We risk something similar now: an overhyping of quitting as revolution, and underplaying its ability to show workers’ agency. If you read enough quitting stories, you’ll find how that individual decision—well, this isn’t worth it—came about because of a unique confluence of recent events and policies that allowed workers, for once, to imagine a better way. We should be skeptical about just how much lasting change will come from the actions we’re seeing today, but also keenly aware that some things have already changed—and that workers, in some sort of crazy-quilt general strike, did fight back.
In either case, we know to prepare for a backlash. In 1947, after the wave of postwar strikes, Republicans won Congress for the first time since the Great Depression. One of their first moves was to implement a semi-prohibition on labor actions: the Taft-Hartley Act. It ushered in our era of so-called right-to-work laws, bans on sympathy strikes, and firms being able to push anti-union propaganda on their workers in the name of “free speech.” That law is still at the core of what’s suppressing labor today. And, in some ways, it set the groundwork for the past two years: Quitting is one of the few actions many have left.

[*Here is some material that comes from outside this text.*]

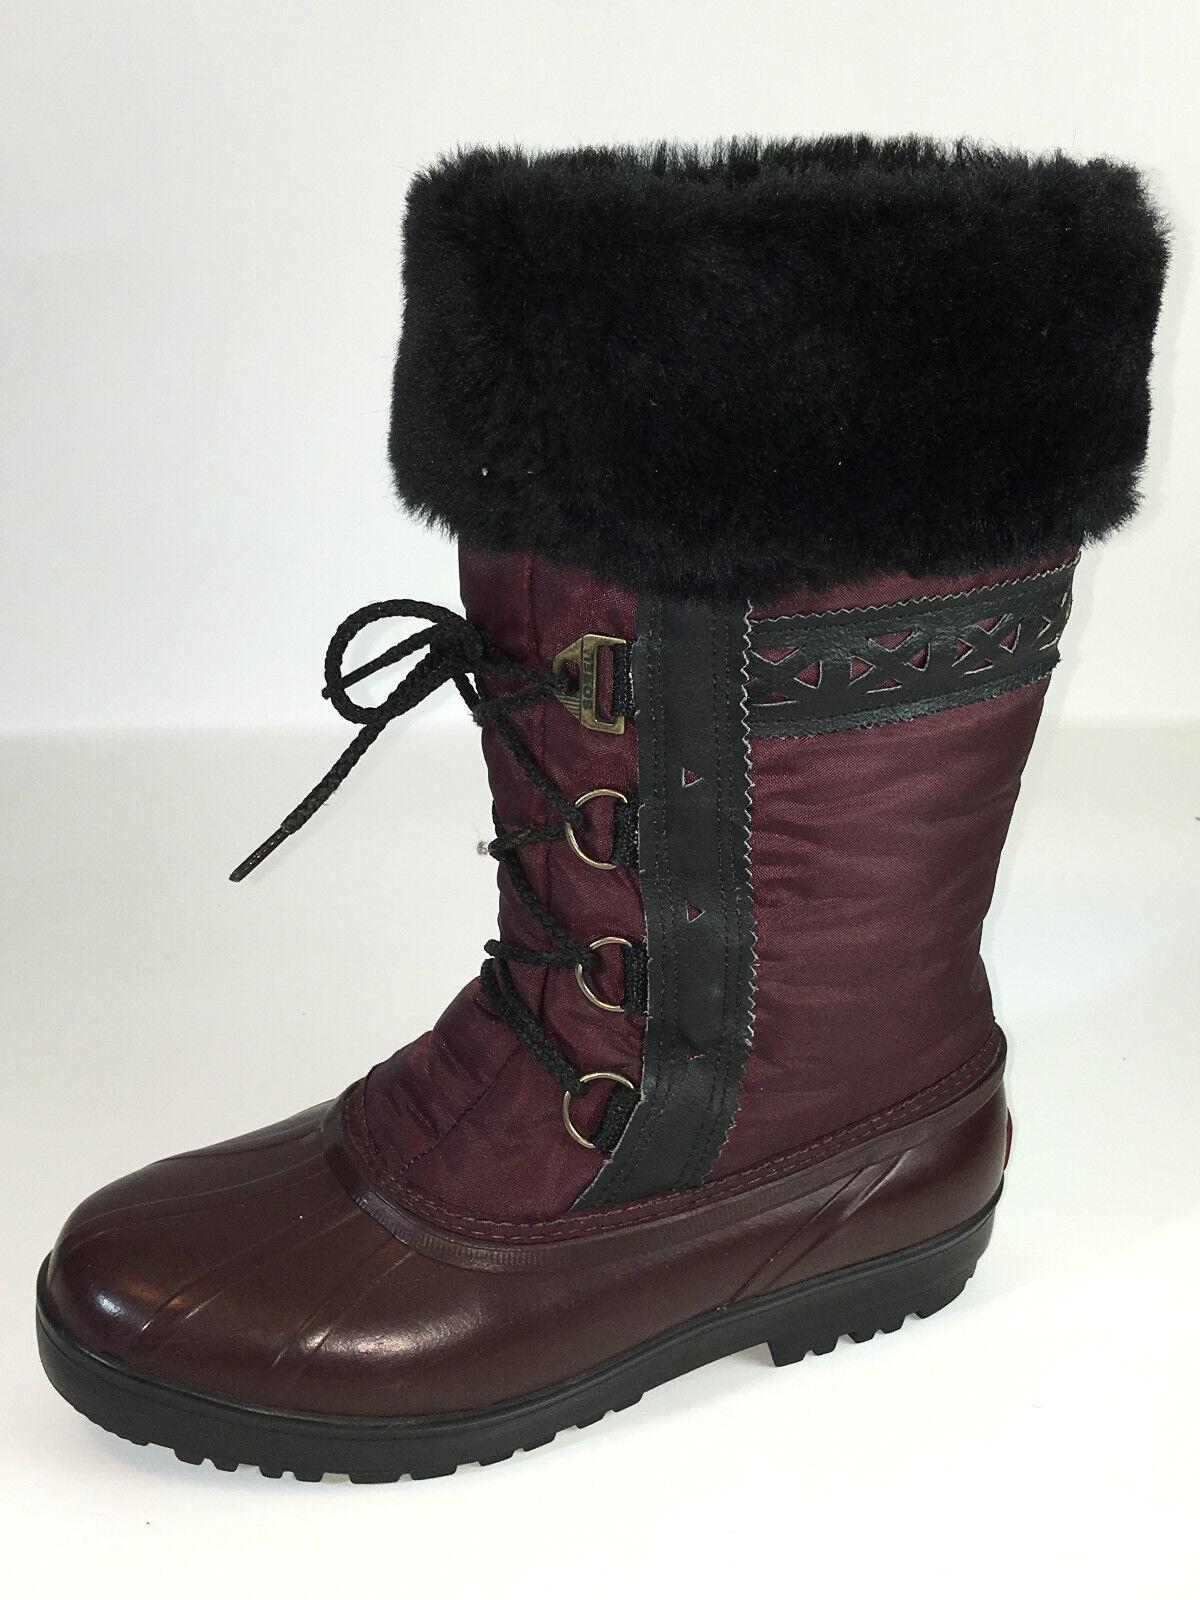 prezzi più bassi Sorel Lace Front Fur Fur Fur Cuff Rain Snow Donna  stivali Burgundy Dimensione 10 USA.  ordina ora i prezzi più bassi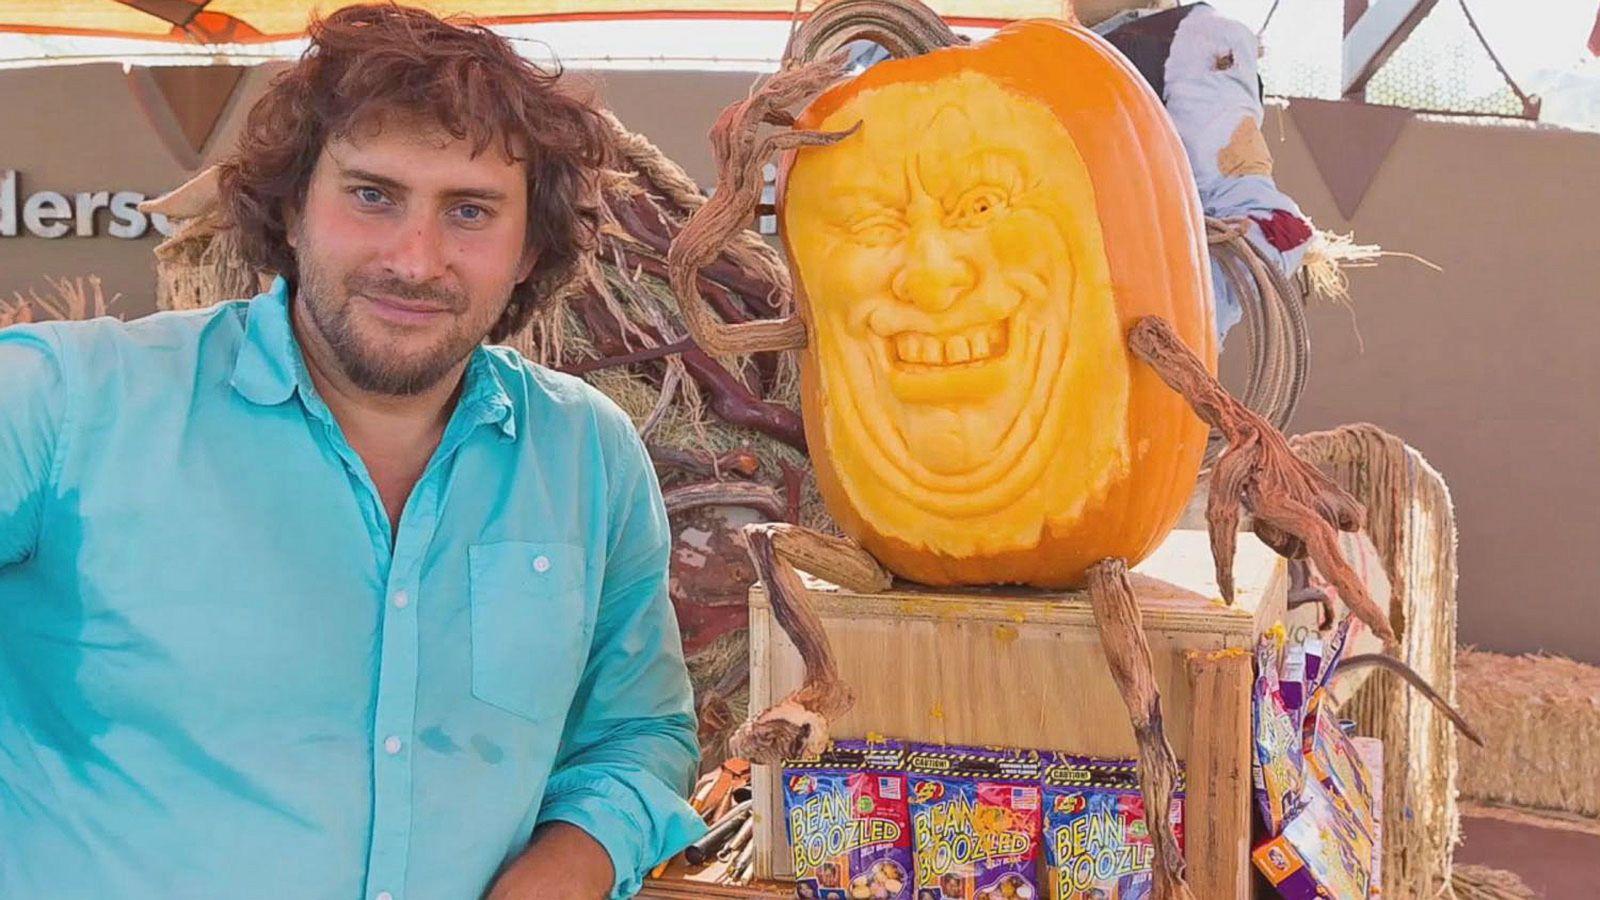 VIDEO: Pumpkin Carving Artists Create Halloween 'Enchanted Garden'

Studs Terkel once wrote that work stories are “about violence—to the spirit as well as to the body.” So yes, perhaps this moment will end in backlash akin to Taft-­Hartley. We’ve already seen hysteria from moderate Democrats and Republicans over inflation—and calls to halt the economic policies that enabled quitting in the first place. But maybe—hopefully—there’s still another way, another future in which workers’ wages will continue to increase and they will win vital institutional reforms. Either way, it is worth remembering when workers cheered each other walking off their jobs, and how their stories offer glimpses into capitalism’s banal injuries. It was an atomized insurgence, but there was a togetherness in the way it added up. It was the Big Quit.